Gençlerimiz tek tek İstanbul´a gidiyor...       


İnsan üzülüyor tabi. Üniversiteyi bitiren gençlerimiz iş bulamayınca tek tek İstanbul´a gidiyor. İstanbul´a tahsil için gidenler de iş bulamayız endişesiyle geri dönmüyor... İnsan üzülüyor tabi. Üniversiteyi bitiren gençlerimiz iş bulamayınca tek tek İstanbul´a gidiyor. İstanbul´a tahsil için gidenler de iş bulamayız endişesiyle geri dönmüyor... Mersin´de bir arkadaşımın kızı Koç Üniversitesini bitirdi, geri dönmedi. Yurt dışı olanağı buldu, şimdi hazırlık yapmaya başladı. Bir başka arkadaşımın iki oğlu da İstanbul´a yerleşti. Onlar da Boğaziçi Üniversitesini bitirmişlerdi... Peki bu işin sonu ne olacak? Beyin göçü ne zamana kadar devam edecek, bilinmiyor tabi...

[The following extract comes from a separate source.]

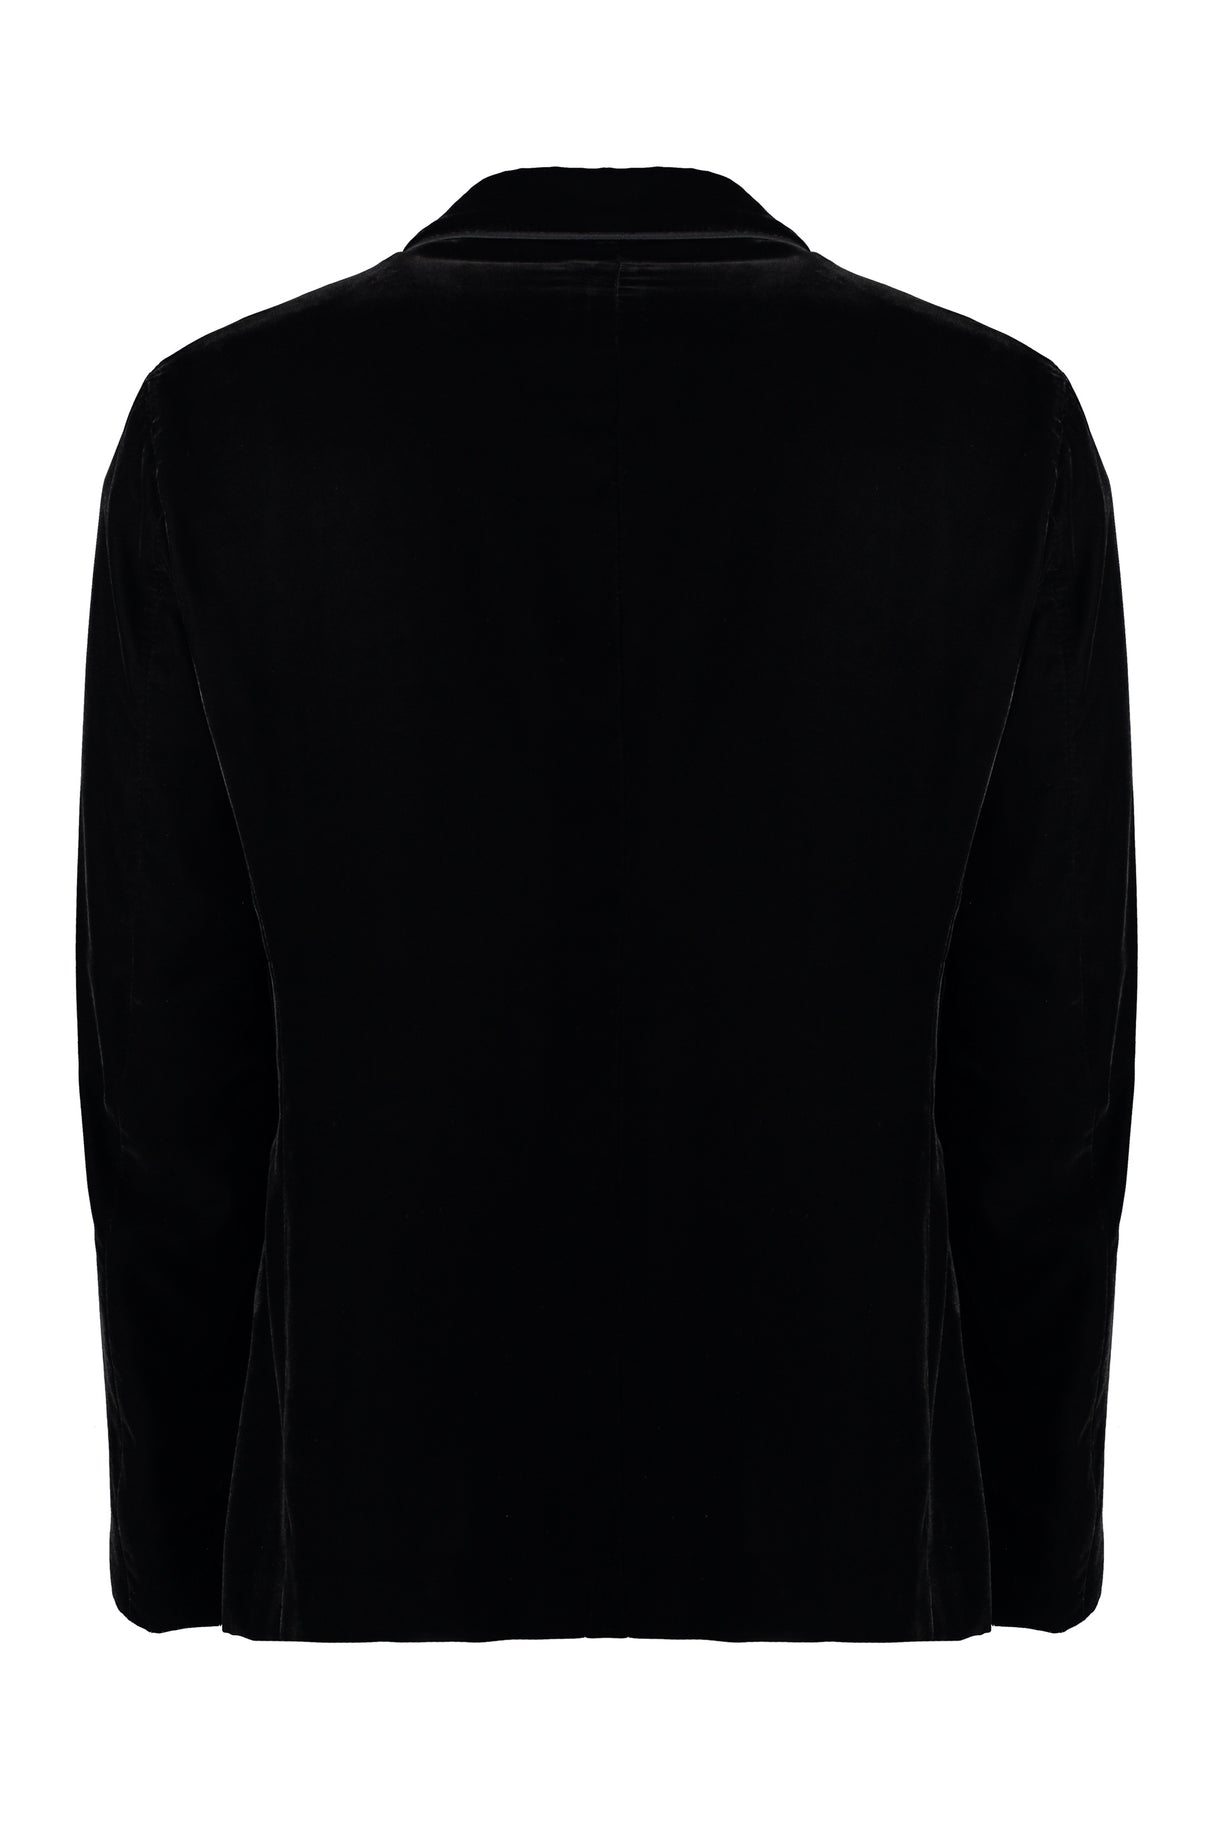 FW23シーズンの黒の男性用シングルブレストベルベットジャケット

Geçtiğimiz günlerde Deulcom Adana Şube Müdürü Oktay Orel, İstanbul´dan bir konuğu ile yanıma geldi. Oktay Bey başarılı çalışmalarıyla Deulcom´u bölgenin sayılır dershaneleri arasına soktu. Gelen arkadaşla tanıştım... Adı Elif Özkul Gökmen... Özkul Ailesi Adana´nın tanınmış ailelerinden biridir. Bu aile kızlarını Tarsus Amerikan Kolejinde okuttu ve Elif de başarı gösterip Marmara Üniversitesi İşletme Fakültesinin İngilizce bölümünü bitirdi. Sonra yurtdışına gitti, kareyireni tamamlayıp İstanbul´a döndü. Önemli şirketlerde çalıştı. Son olarak da yurtdışına öğrenci gönderen EF Education şirketine girdi, burda üst düzey sorumlulardan biri oldu... Ayrıca İstanbul´da evlendi... Eşi İstanbullu... Yani artık geri dönüşü çok zor. Bundan böyle Adanalıları İstanbul´da temsil edecek...

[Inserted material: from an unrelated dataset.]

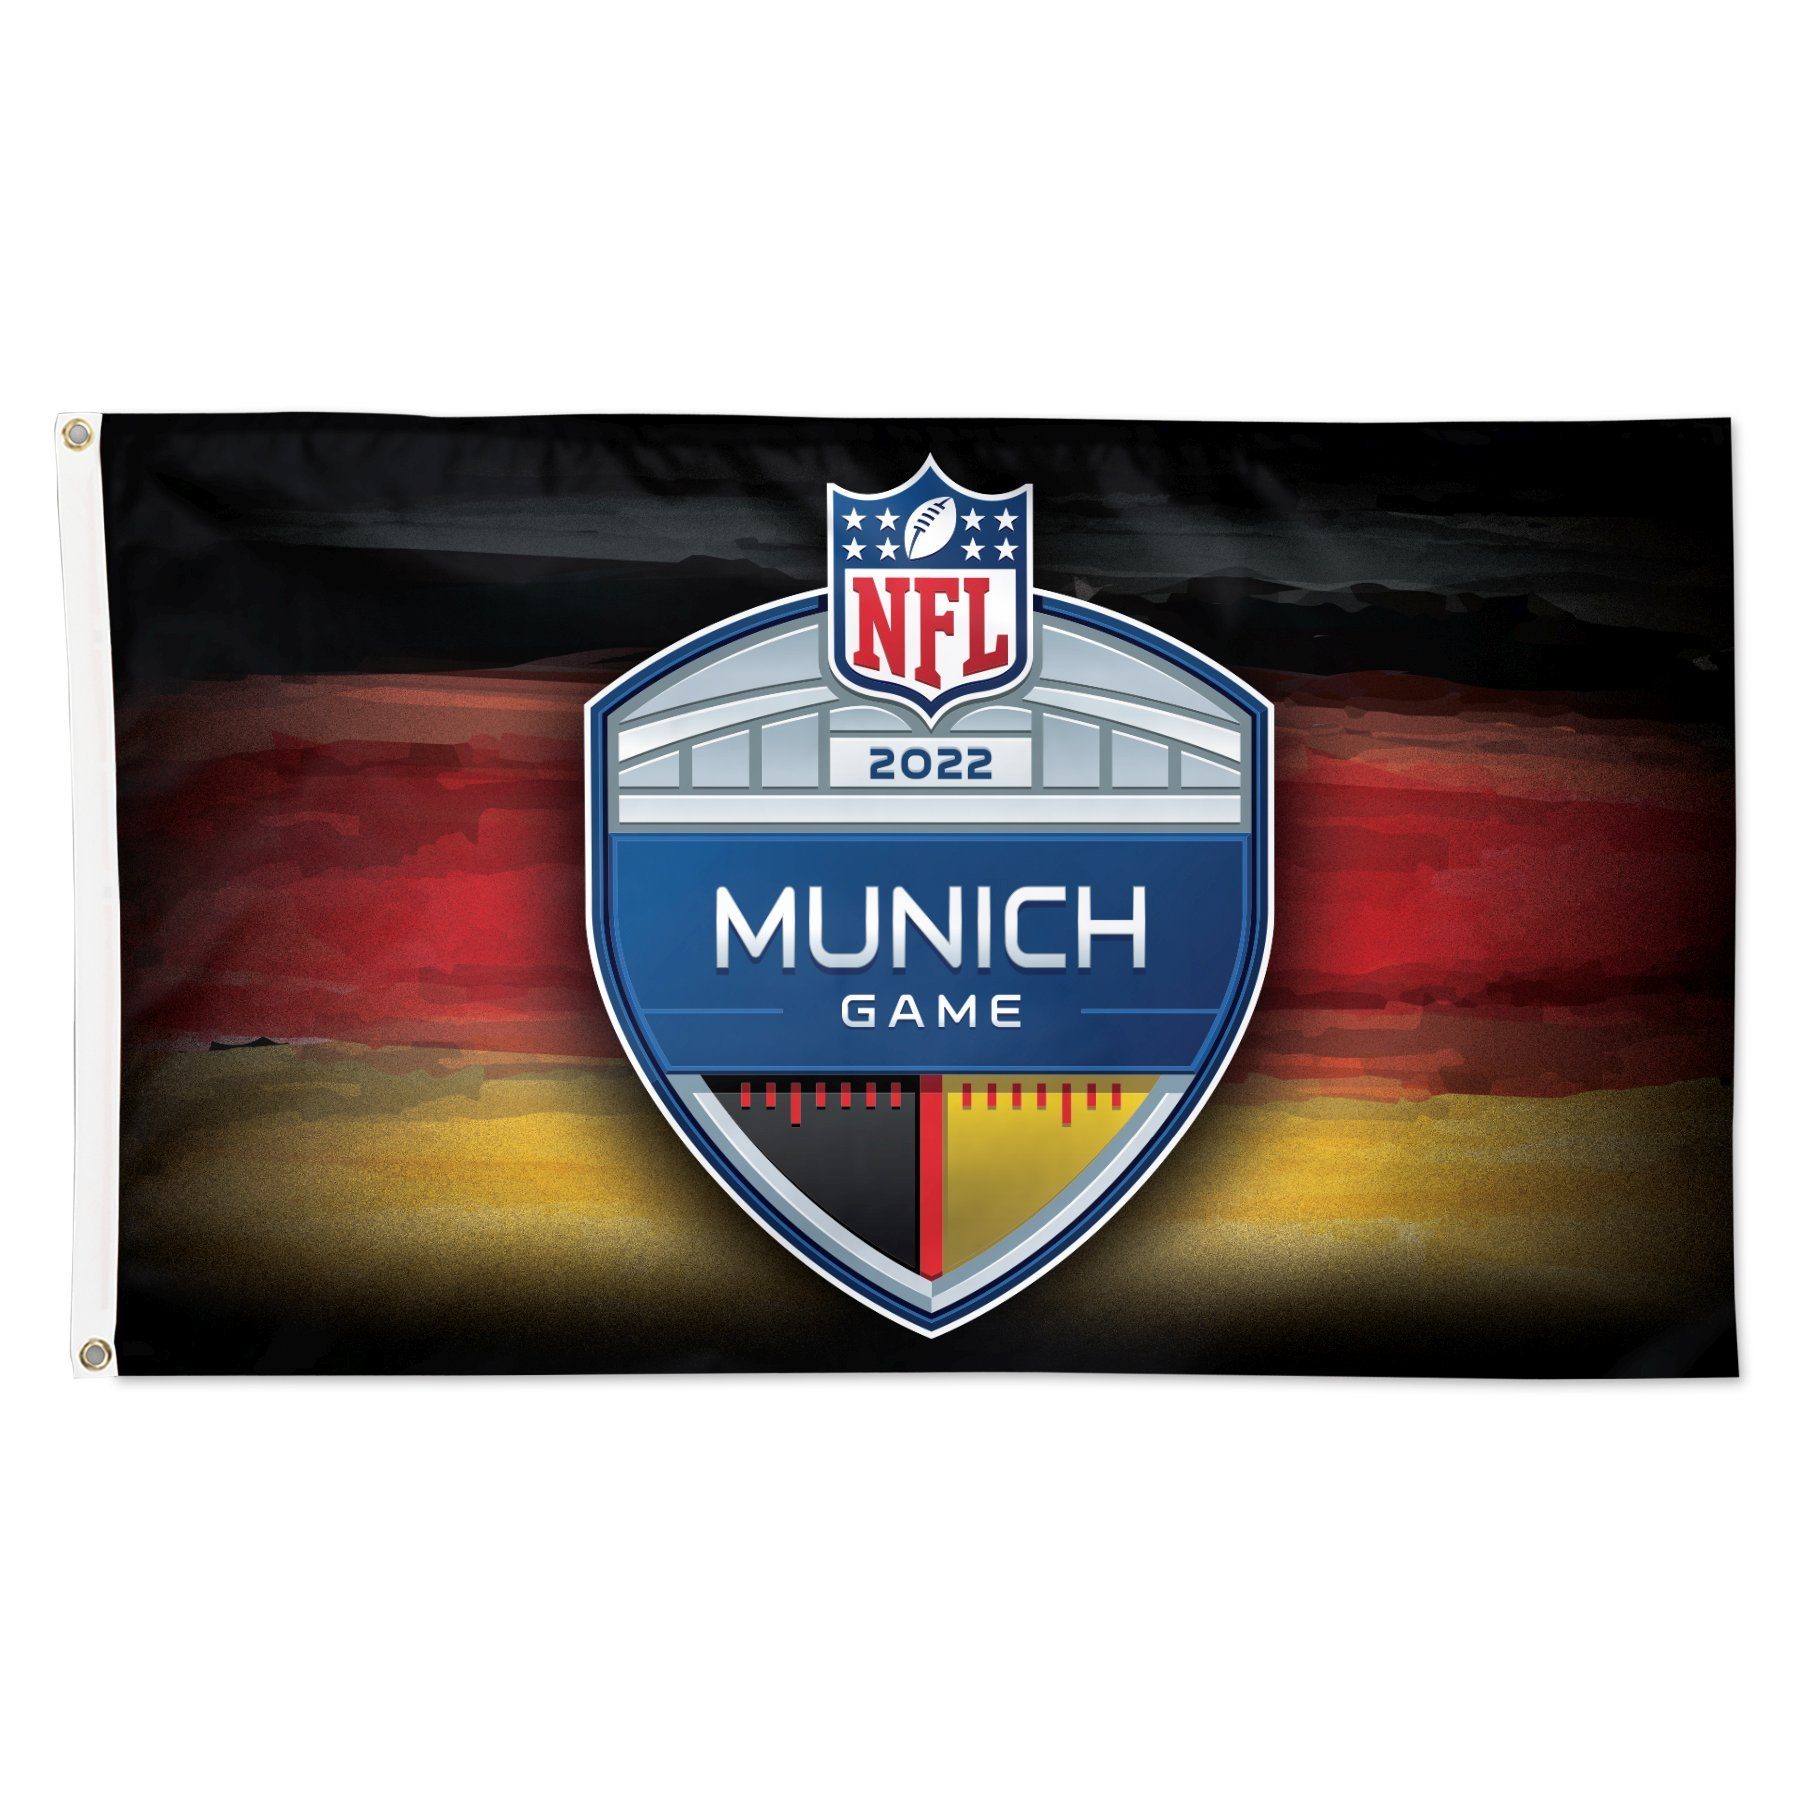 WinCraft Wanddekoobjekt NFL Banner 150x90cm NFL Game Buccs Seahwaks

EF Education, işadamlarına yönelik yurtdışı dil programları hazırlıyor, onları haftalık programlar dahilinde ve yapılan testlerde saptanan durumunuz da göz önünde bulundurularak en kısa sürede İngilizce öğrenmeleri için olanak sağlıyor... EF Education´ın Adana´daki başvuru adresi de Deulcom... İşte Elif bu işleri organize ediyor... Yani sorumluluğu bir hayli fazla. Biz Oktay Orel´le Çukurova´nın Türkiye´nin en güzel bölgesi olduğunu konuşurken Elif de haliyle bu bölgeye duyduğu özlemi dile getirdi... İstanbul´da hayat o kadar kolay değildir... Bir kere en büyük düşmanınız trafik... Zamanınızın büyük bir bölümünü trafikle boğuşarak geçiriyorsunuz. Kendinize küçük bir dünya yarat"manız da mümkün değil. Bulunduğunuz firma Türkiye´ye ve dünyaya servis veriyorsa daha çok zamana ihtiyacınız var demektir. Ayrıca Elif Hanım´ın eşi arıtım tesisleri kuruyor. Kendi şirketi var. Örneğin deniz suyunu arıtıp kullanılır hale getiriyor. Bu şirketin haliyle İstanbul´da olması gerekiyor, çünkü her ne kadar turizm bölgemiz Ege ve Akdeniz ise de, turizmin kalbi İstanbul´da atıyor... Tüm büyük kuruluşların merkezleri de İstanbul´da... Kendini yetiştiren gençlerin İstanbul´u tercih etmeleri de bundan... Hatırlarsınız bu sütunlarda Lozan´da Fashion okuyan ve 4 lisan bilen bir gence iş bulamadığımızı yazmıştım... İş bulamadığımız genç ailesinden mecburen kopup İstanbul´a gitmiş ve gittiği hafta iş bulmuştu... Belki bir gün beyin göçü sona erecek... Yatırımların önü açılacak, bölgeye gelen işadamlarına her türlü destek verilecek. Tüm dünya bunu yapıyor. Yeter ki siz istihdam yaratacağım deyin ve projenizi gösterin. Önünüzdeki tüm kapılar açılıyor...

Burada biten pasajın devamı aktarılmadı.